Armutsgefährdung: Circa jeder fünfte Südtiroler Haushalt ist armutsgefährdet (relative Armut, trotz Sozialtransfers), d.h. sie verfügen über ein Einkommen von weniger als 60 Prozent des für Südtirol berechneten Jahresmedianeinkommens. Das entspricht ca. 40.000 armutsbedrohten Haushalten, in denen ca. 95.000 Personen leben.

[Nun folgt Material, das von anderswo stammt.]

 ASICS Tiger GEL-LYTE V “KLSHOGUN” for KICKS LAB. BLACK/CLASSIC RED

Materielle Deprivation: Viele der von Armut betroffenen oder bedrohten Personen verfügen nicht über ausreichende finanzielle Mittel für notwendige Anschaffungen. Man spricht von materieller Deprivation, wenn sie weniger als 4 der folgenden 9 Ausgaben bestreiten können: Zahlungen für Kredite, Mieten oder Stromrechnungen; angemessene Beheizung der Wohnung; unvorhergesehene Ausgaben in Höhe von 1.000 Euro; regelmäßige fleisch- oder eiweißhaltige Mahlzeiten; Urlaubsreisen; Fernsehgerät; Kühlschrank; Auto; Telefon.

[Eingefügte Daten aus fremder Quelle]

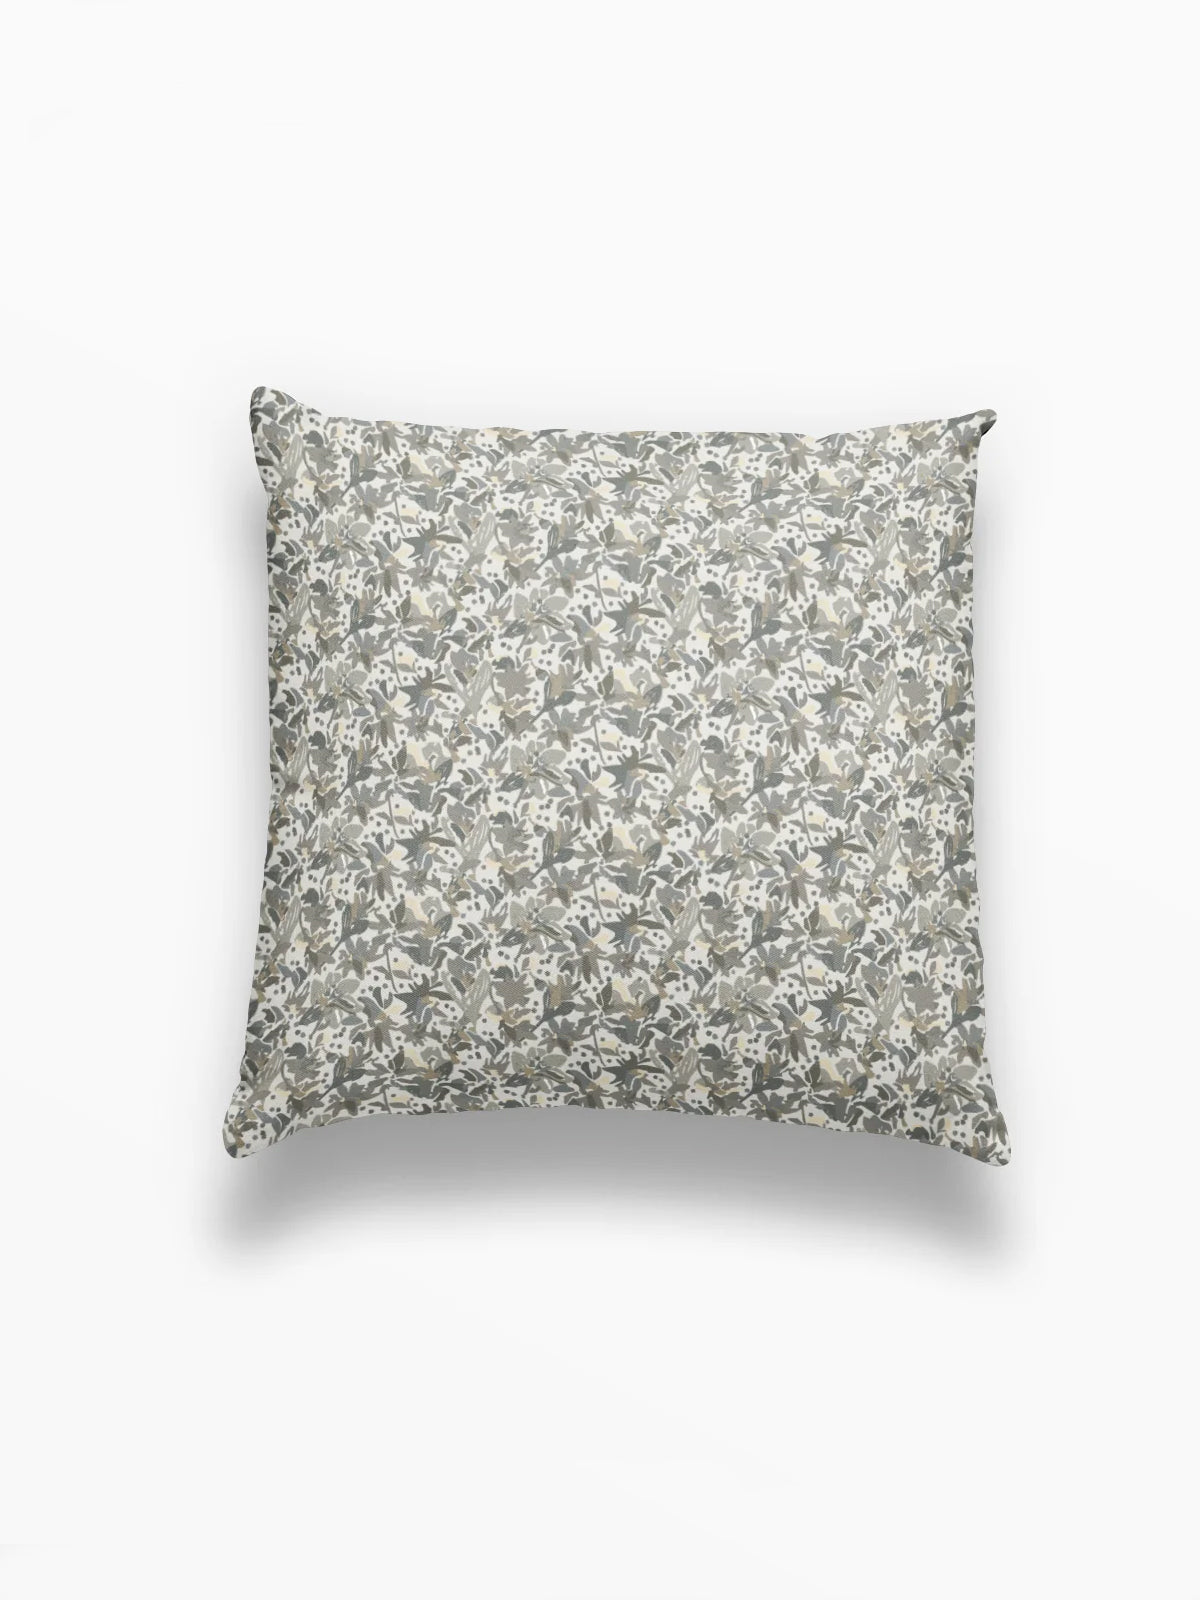 Eden Lichen Pillow Cover

Armutsbedrohung: Häufig verbunden mit niedrigem Bildungsstand, Arbeitslosigkeit/prekärer Beschäftigung, alleinlebend, alleinerziehend, Migrationshintergrund.
Inflation: Im September 2024 lag die Inflation in Bozen bei 1,8 Prozent und damit mehr als doppelt so hoch wie der nationale Durchschnitt (0,7 Prozent).